[About this exercise]
Retype the whole listing exactly. Leave out pictures.

[Available data]
***
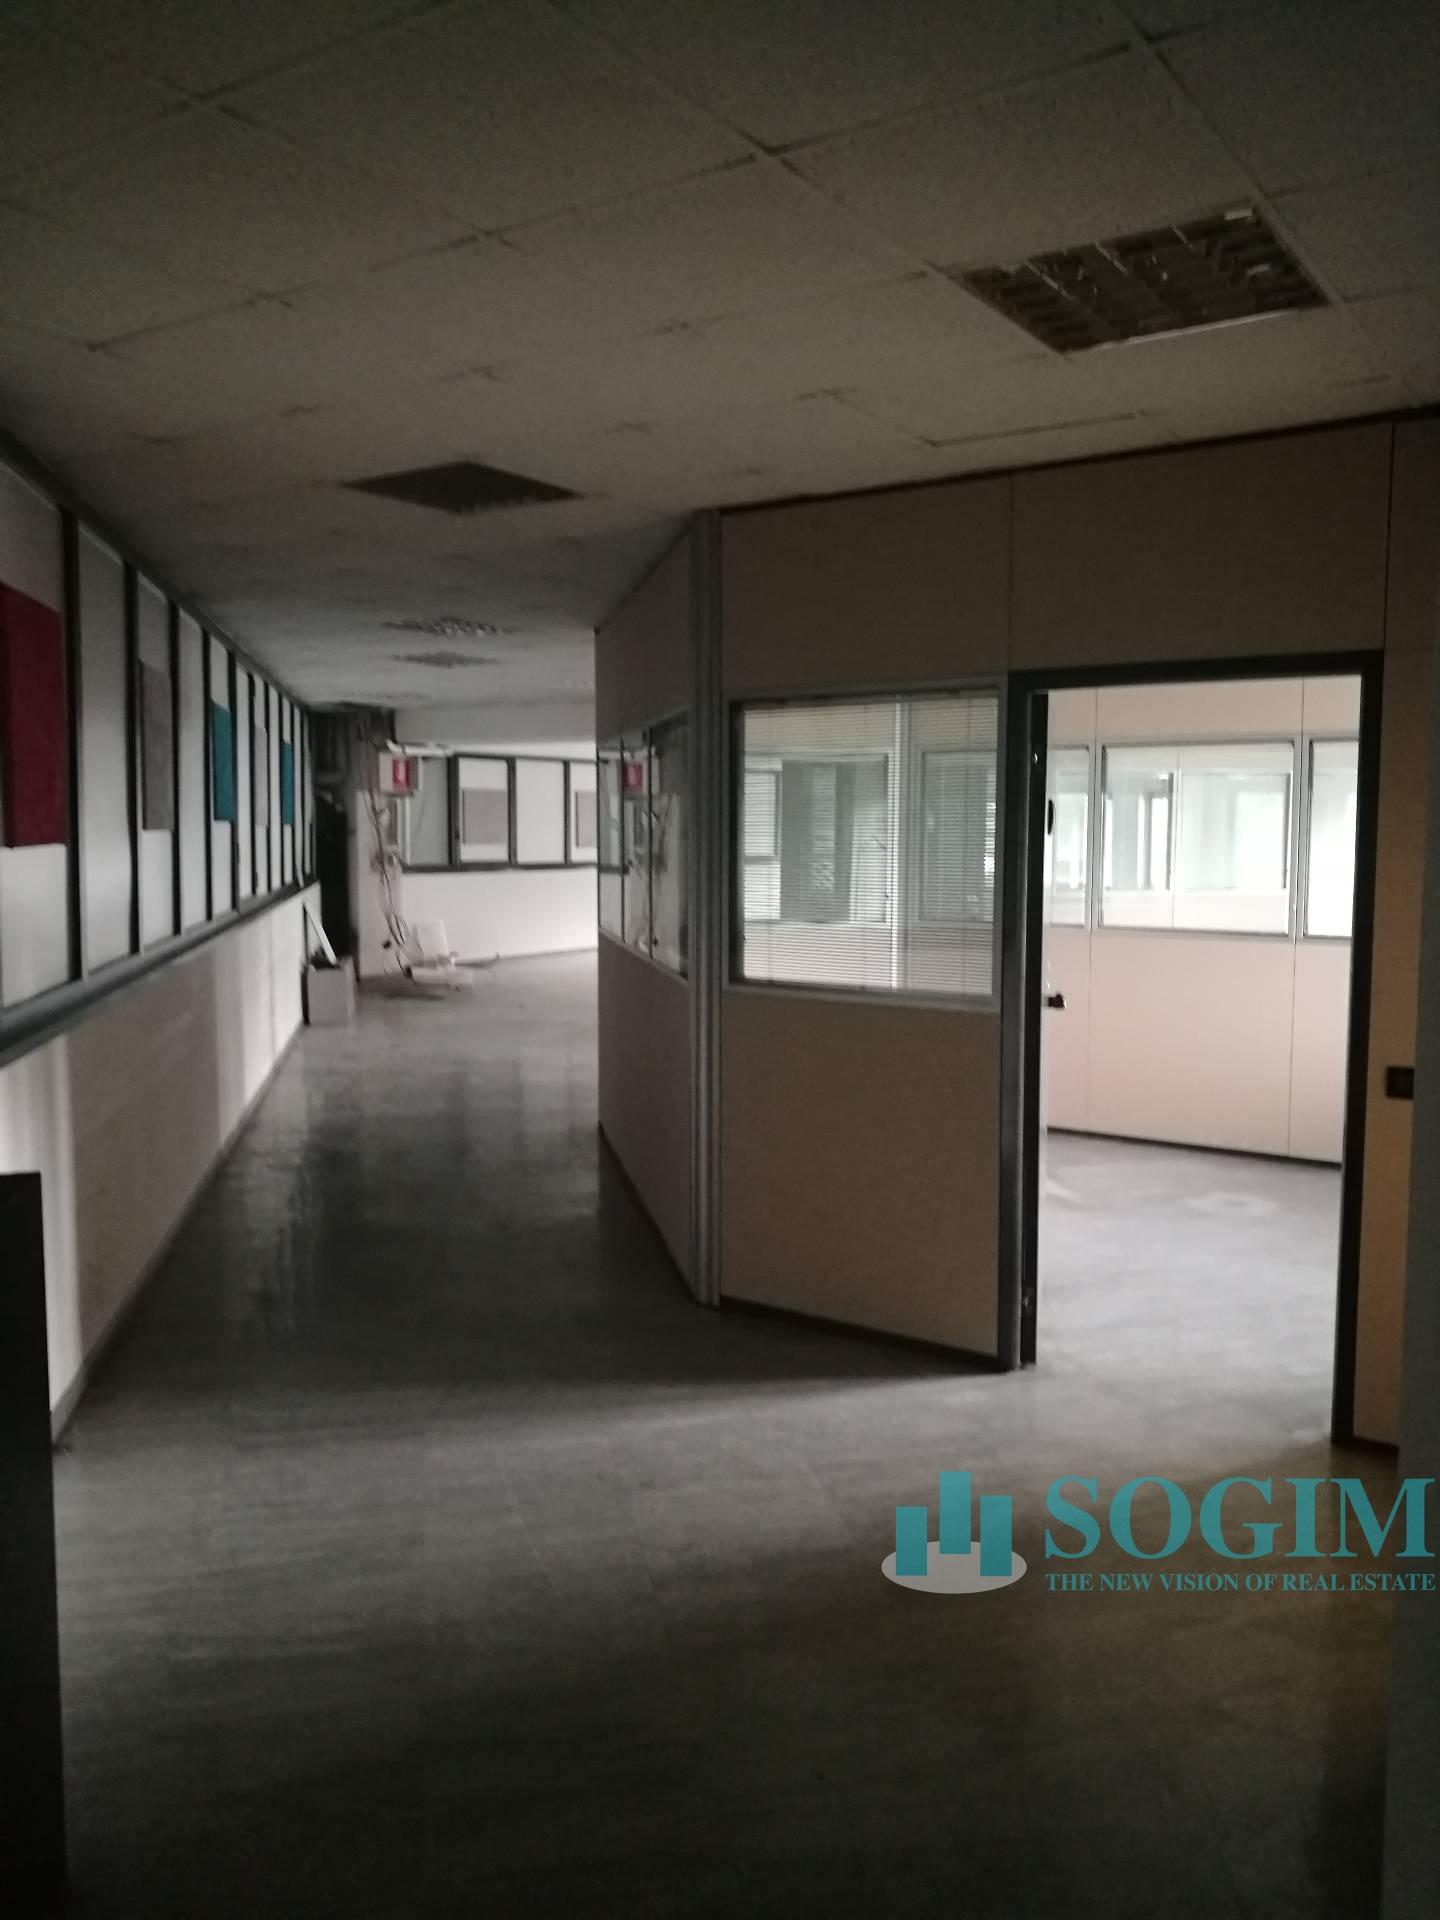 Ufficio in Affitto a Cinisello Balsamo  rif. 9011
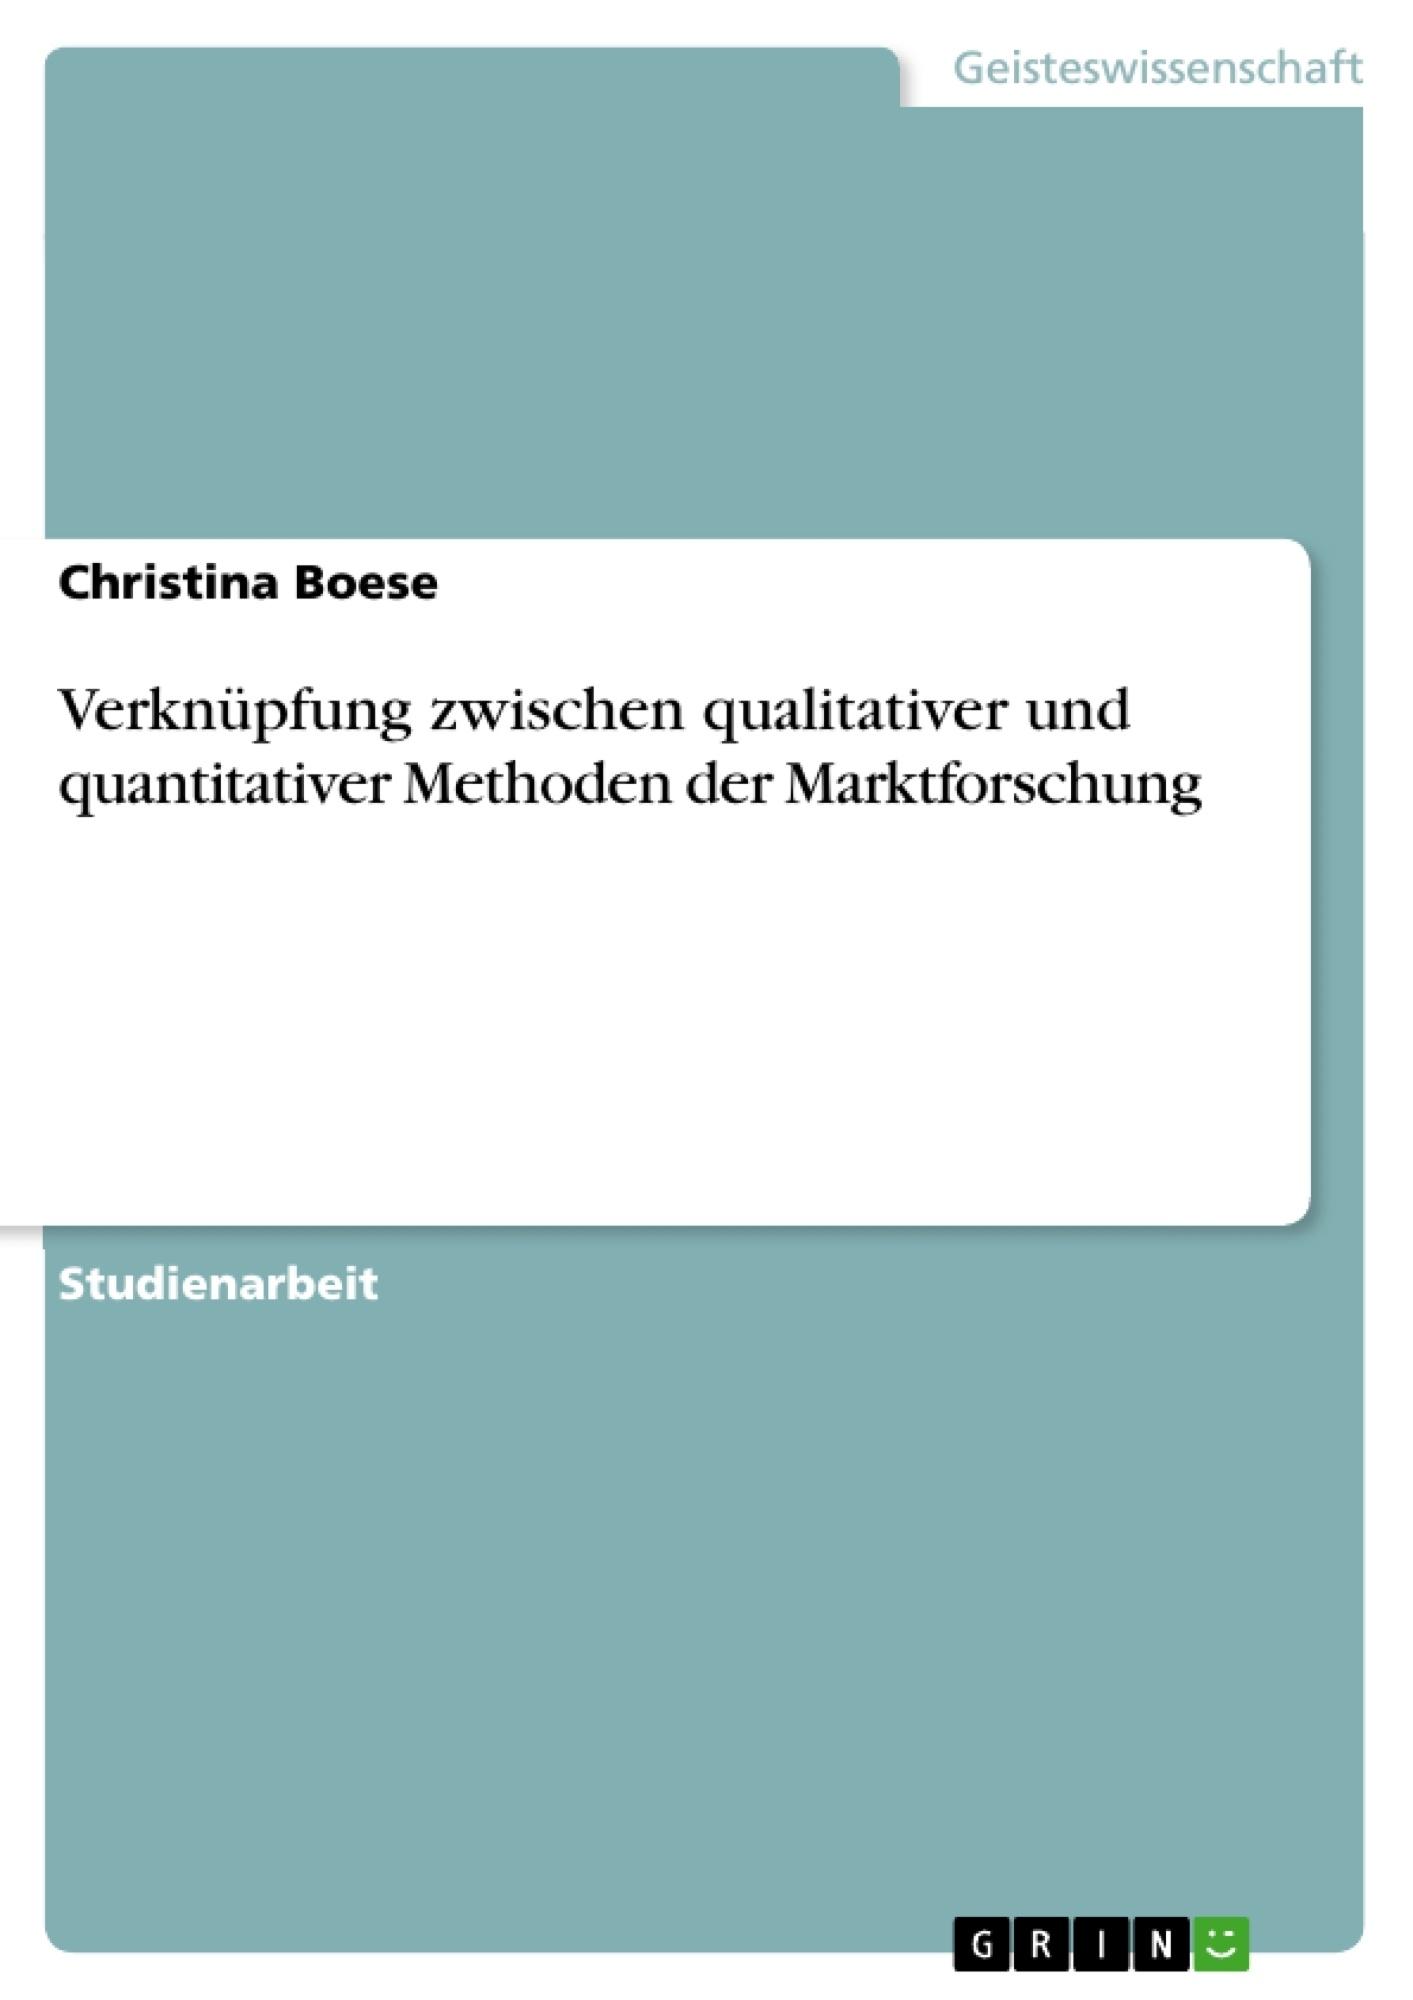 Titel: Verknüpfung zwischen qualitativer und quantitativer Methoden der Marktforschung
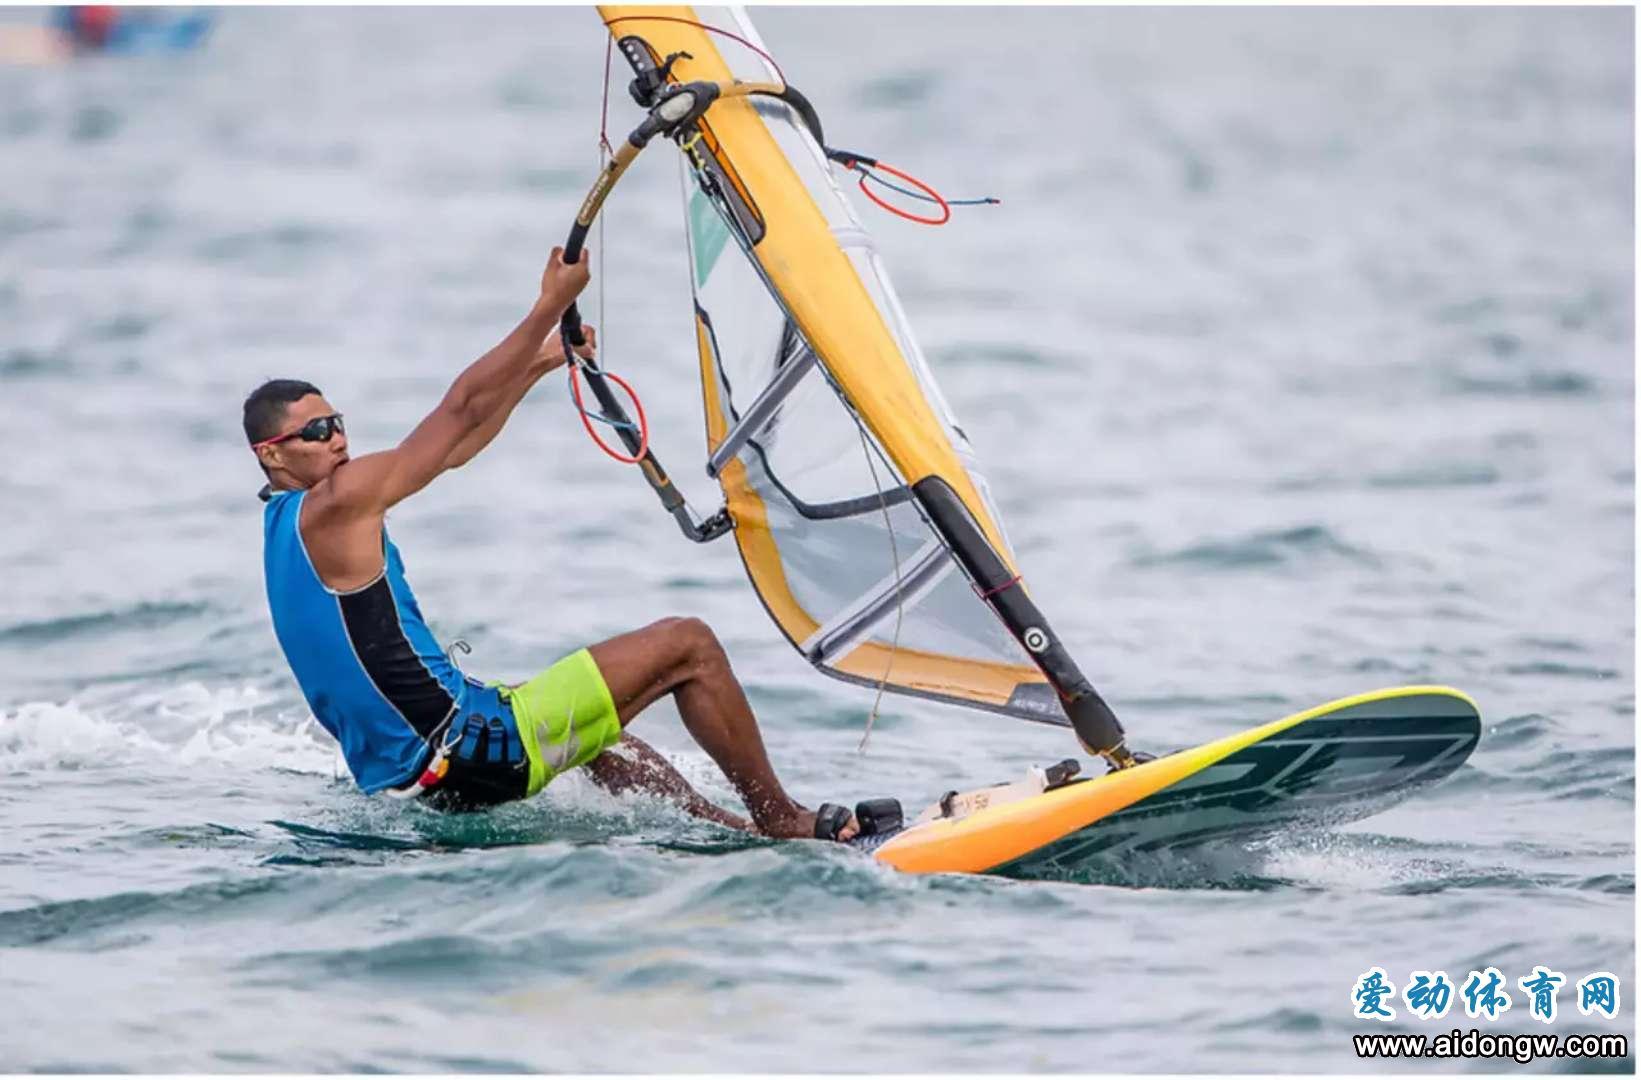 中国国家帆船帆板队举行体能大比武 biwei必威体育备用网站选手毕焜夺得男子组头名
***
[Result of the task]
 Ufficio in Affitto a Cinisello Balsamo  rif. 9011
 Titel: Verknüpfung zwischen qualitativer und quantitativer Methoden der Marktforschung
 中国国家帆船帆板队举行体能大比武 biwei必威体育备用网站选手毕焜夺得男子组头名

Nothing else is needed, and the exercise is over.